Россия далеко с ее многомиллионными угрюмо и таинственно молчащими крестьянскими массами, с ее воображаемым общинным коллективизмом. Европа тут, рядом, вокруг, Герцен мечется по ней, и все резче, все явственнее вырисовывается перед ним новая встающая сила — пролетариат. Попав в промышленную область Италии, в Турин, город, который «так и обдает своей прозой», он замечает в одной из глав «Былого и дум»:
«…Взгляните на его работничье население, на их резкий, как альпийский воздух, вид — и вы увидите, что это кряж людей бодрее флорентийцев, венециан…»

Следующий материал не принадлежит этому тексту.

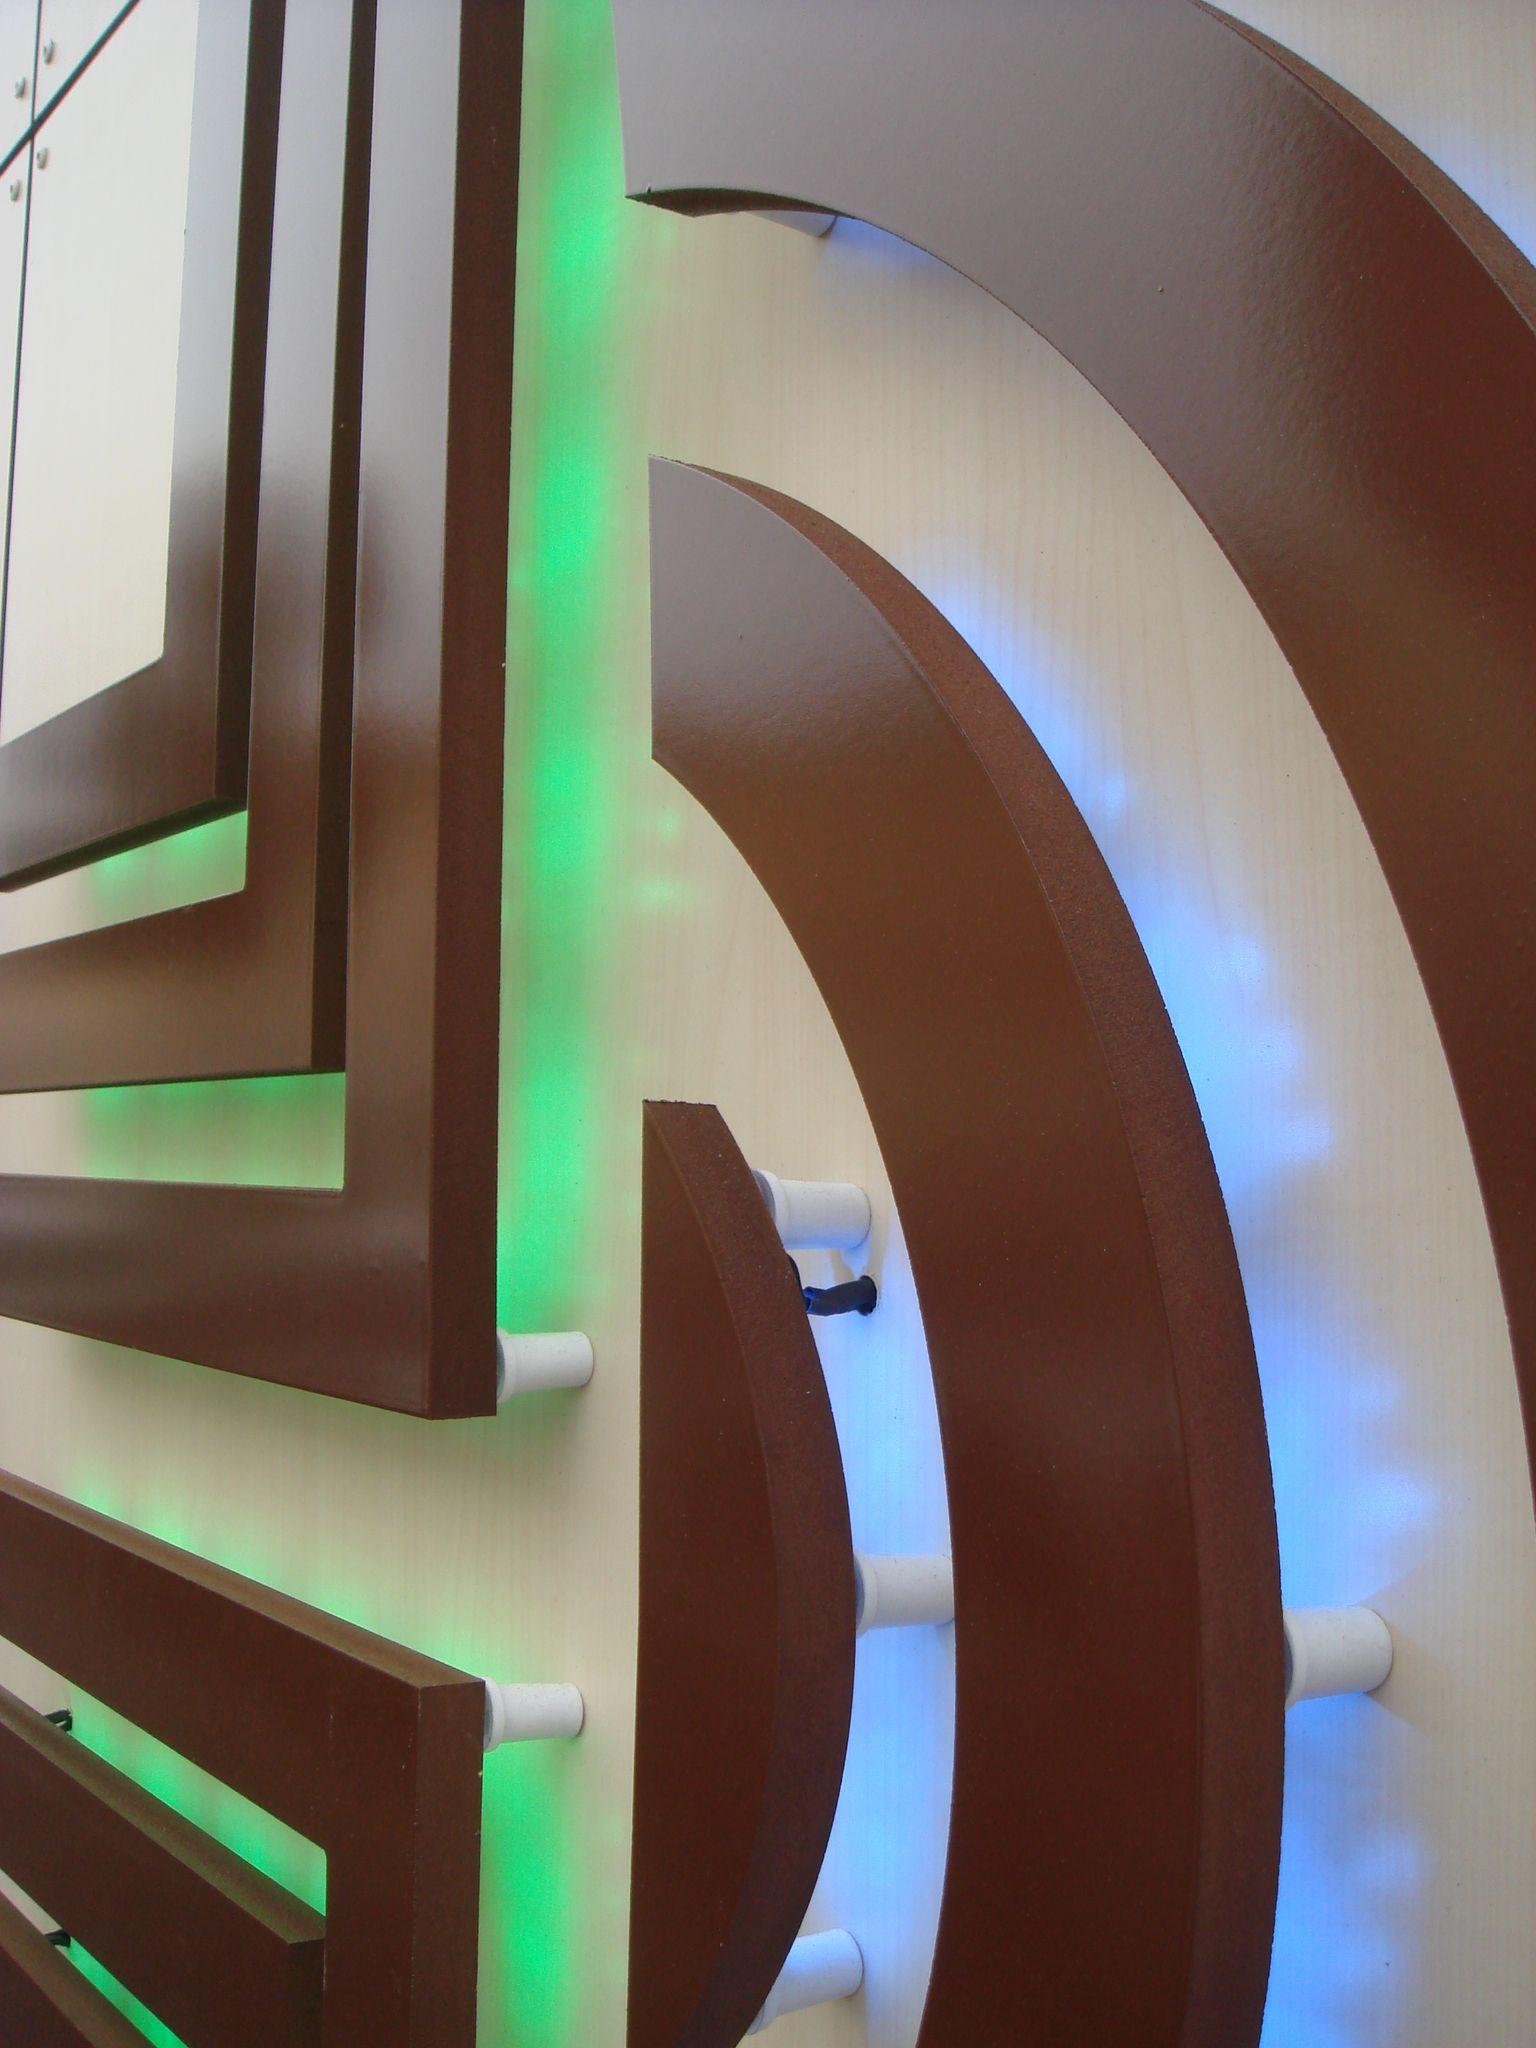 Logo en PVC komacel découpé, en relief par entretoises avec rétroéclairage intégré

Он пристально вглядывается в рабочее движение в Европе. Своим полемическим темпераментом растерев в прах Каткова, сказавшего «с видом деревенского школьного учителя»: «Время социализма прошло», — Герцен продолжает:
«И это на следующий день после Брюссельского конгресса, на следующий день после женевской забастовки, в двух шагах от немецкого рабочего движения».
И достав свой дневник, свою «Книгу Стона», он заносит в него строки, отдающие уже не стоном, а, напротив, дышащие уверенной надеждой:
«Я думаю, что есть силы у Запада, пробуждающиеся к свету, которые могут оплодотвориться разумом и спасти организм, но им-то и помешает война, религия и даже революция. Силы эти, оставленные на свою злобу, уже подняли голову; это уже не Гарибальди, и не 93 год, и не Июньские дни — работничьи лиги и фенианизм».
Он делает первые шаги навстречу рабочему движению. Его еще не наторевший глаз сливает в одно явление фенианизм, то есть борьбу ирландских националистов, и I Интернационал, созданный Марксом, — «работничьи лиги», по терминологии Герцена, в одном месте или «социальные сходки» — в другом:
— Я больше верю, чем когда-нибудь, в успех именно этих социальных сходок.
Такие чувства, новые для него, вызвал у него Базельский конгресс I Интернационала.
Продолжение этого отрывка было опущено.